• [Task statement] Restate the full listing word for word; images stay out of it.

• [Supplied material]
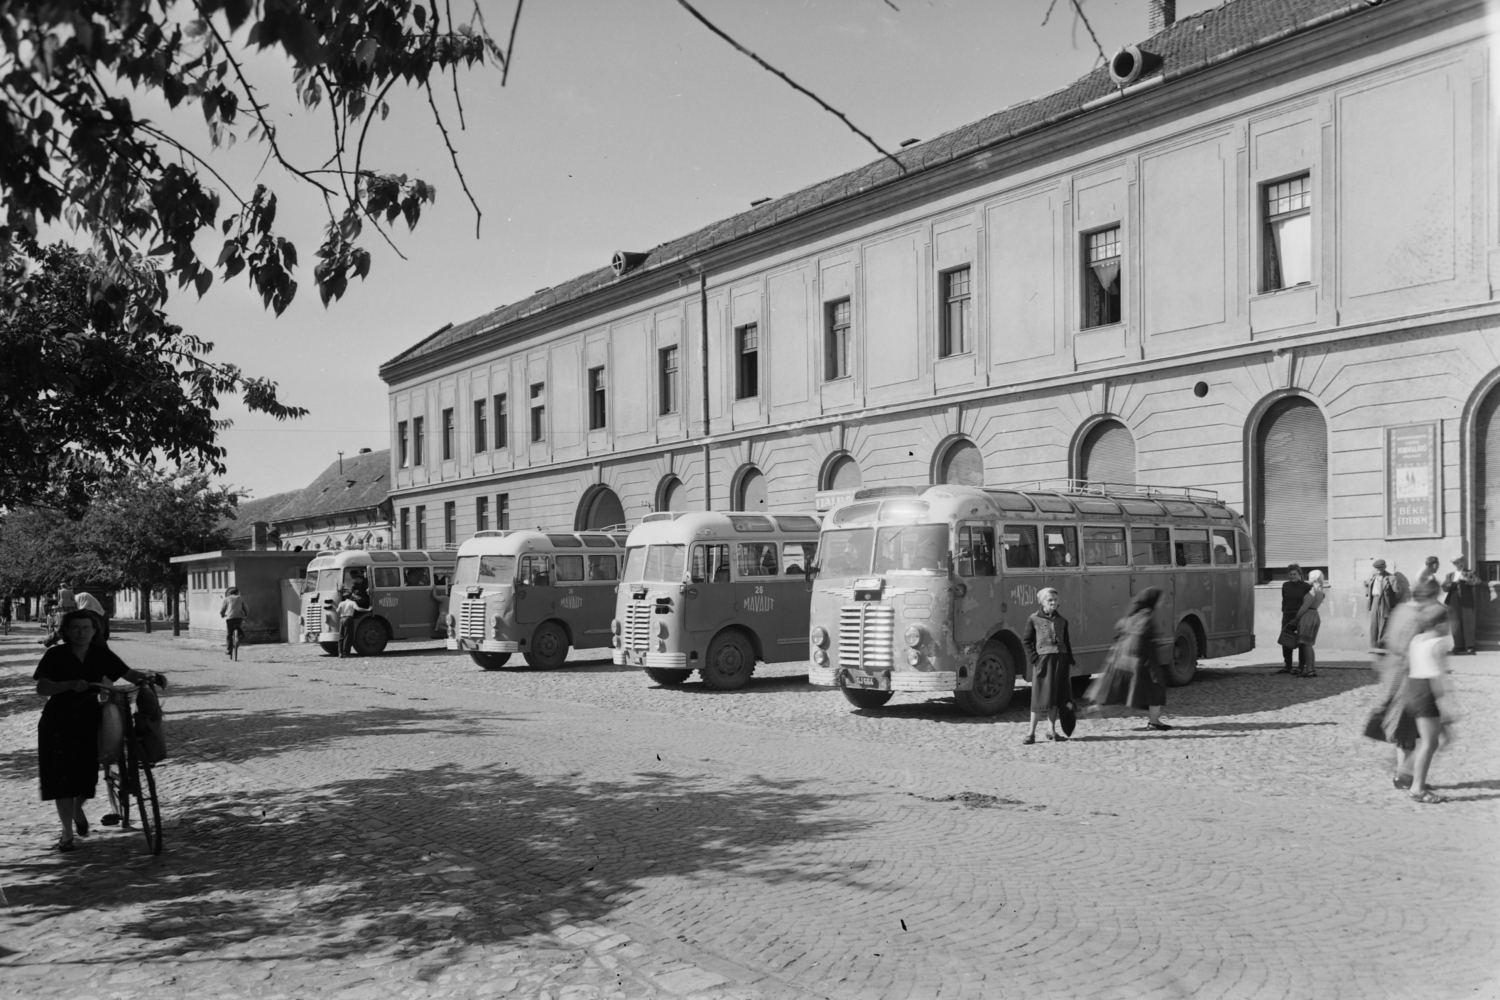 V Moháči před nádražím zachycená flotila autobusů Ikarus 30 v 50. letech. (foto: Wikipedia.org)
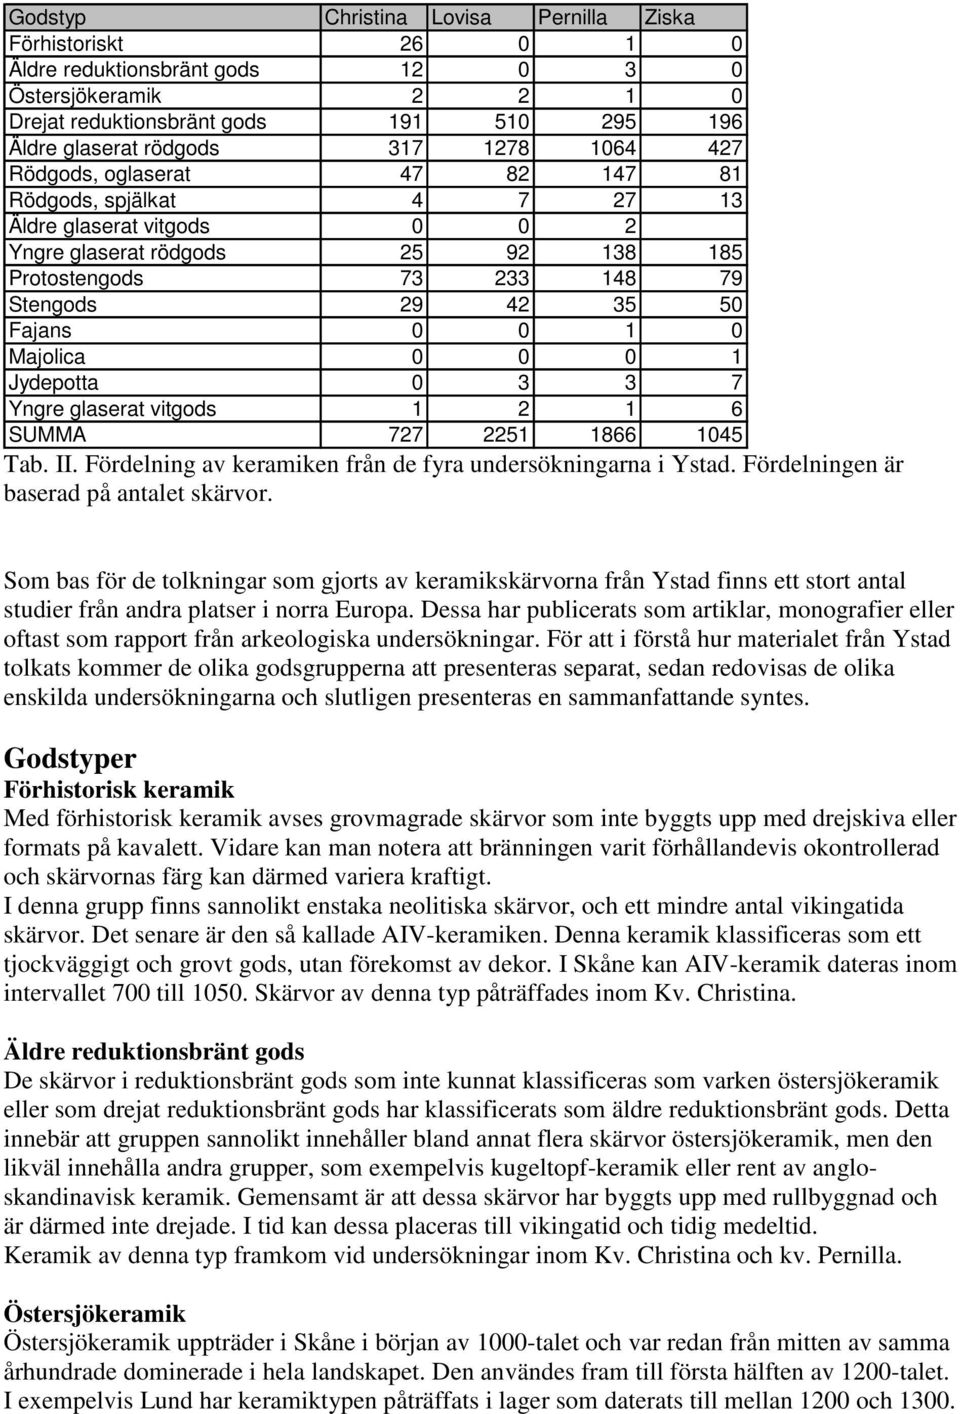 Majolica 0 0 0 1 Jydepotta 0 3 3 7 Yngre glaserat vitgods 1 2 1 6 SUMMA 727 2251 1866 1045 Tab. II. Fördelning av keramiken från de fyra undersökningarna i Ystad.
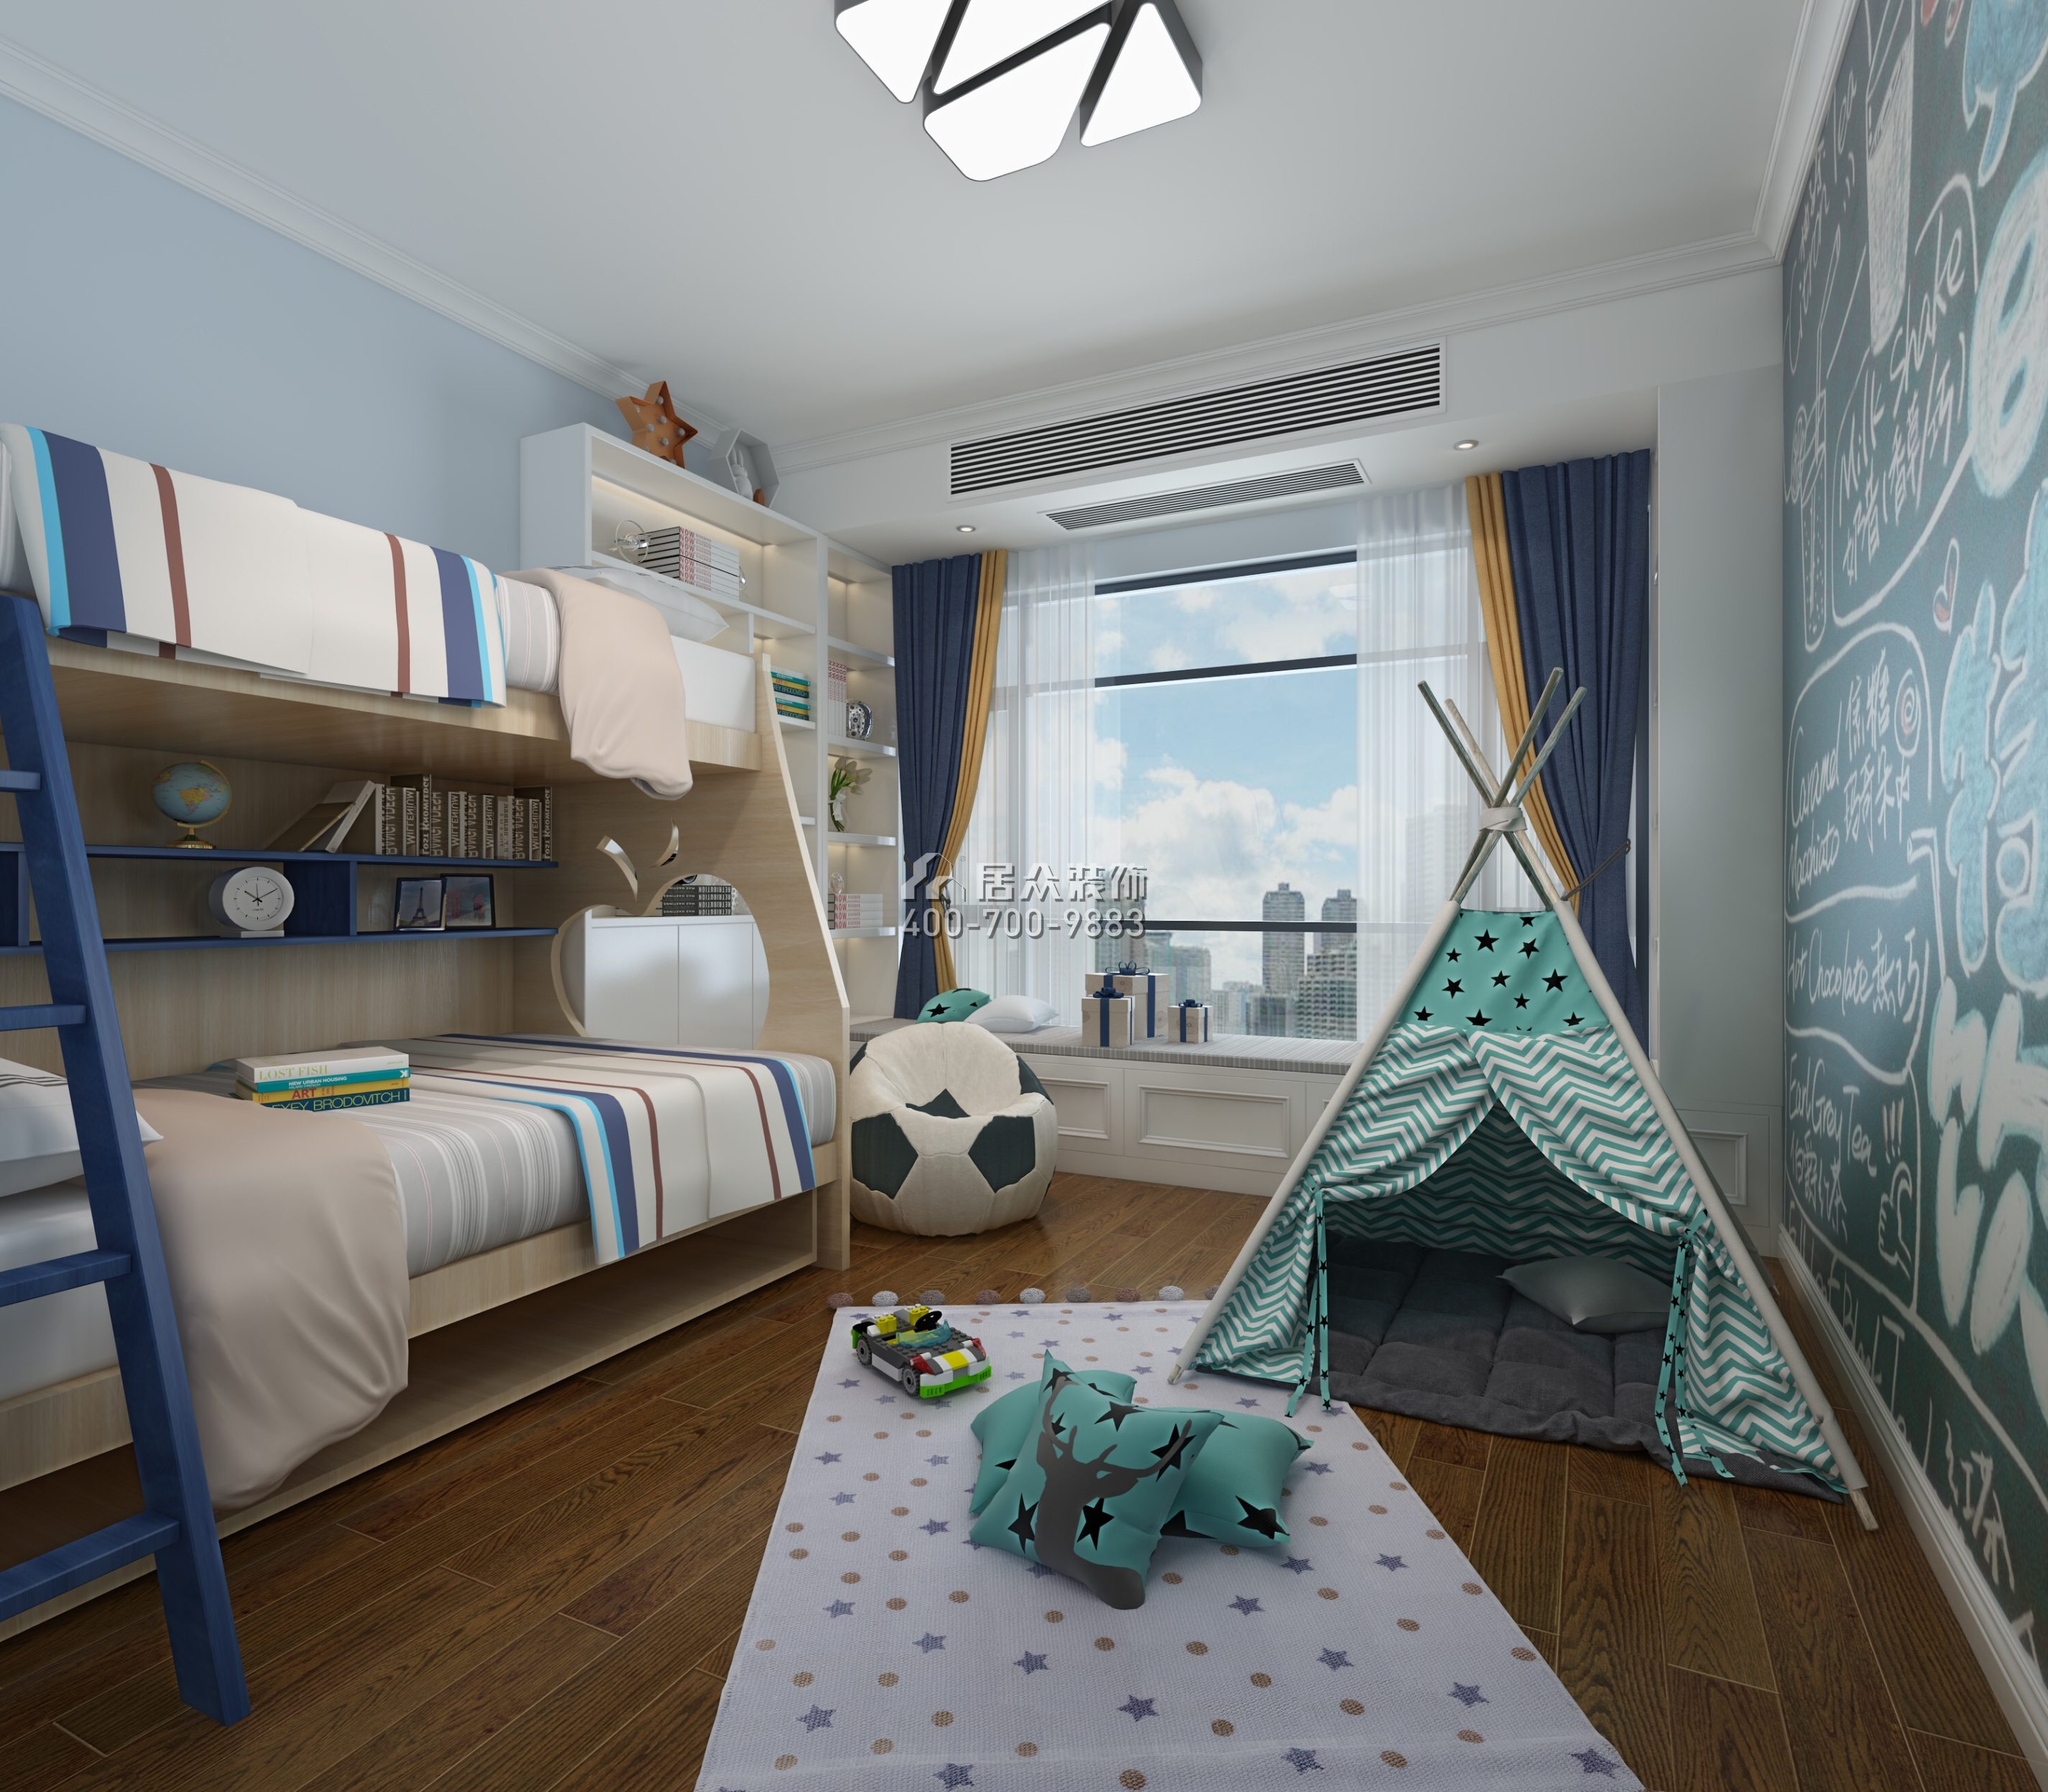 方直珑湖湾163平方米中式风格平层户型儿童房装修效果图

• [Task output]
 V Moháči před nádražím zachycená flotila autobusů Ikarus 30 v 50. letech. (foto: Wikipedia.org)
 Majolica 0 0 0 1 Jydepotta 0 3 3 7 Yngre glaserat vitgods 1 2 1 6 SUMMA 727 2251 1866 1045 Tab. II. Fördelning av keramiken från de fyra undersökningarna i Ystad.
 方直珑湖湾163平方米中式风格平层户型儿童房装修效果图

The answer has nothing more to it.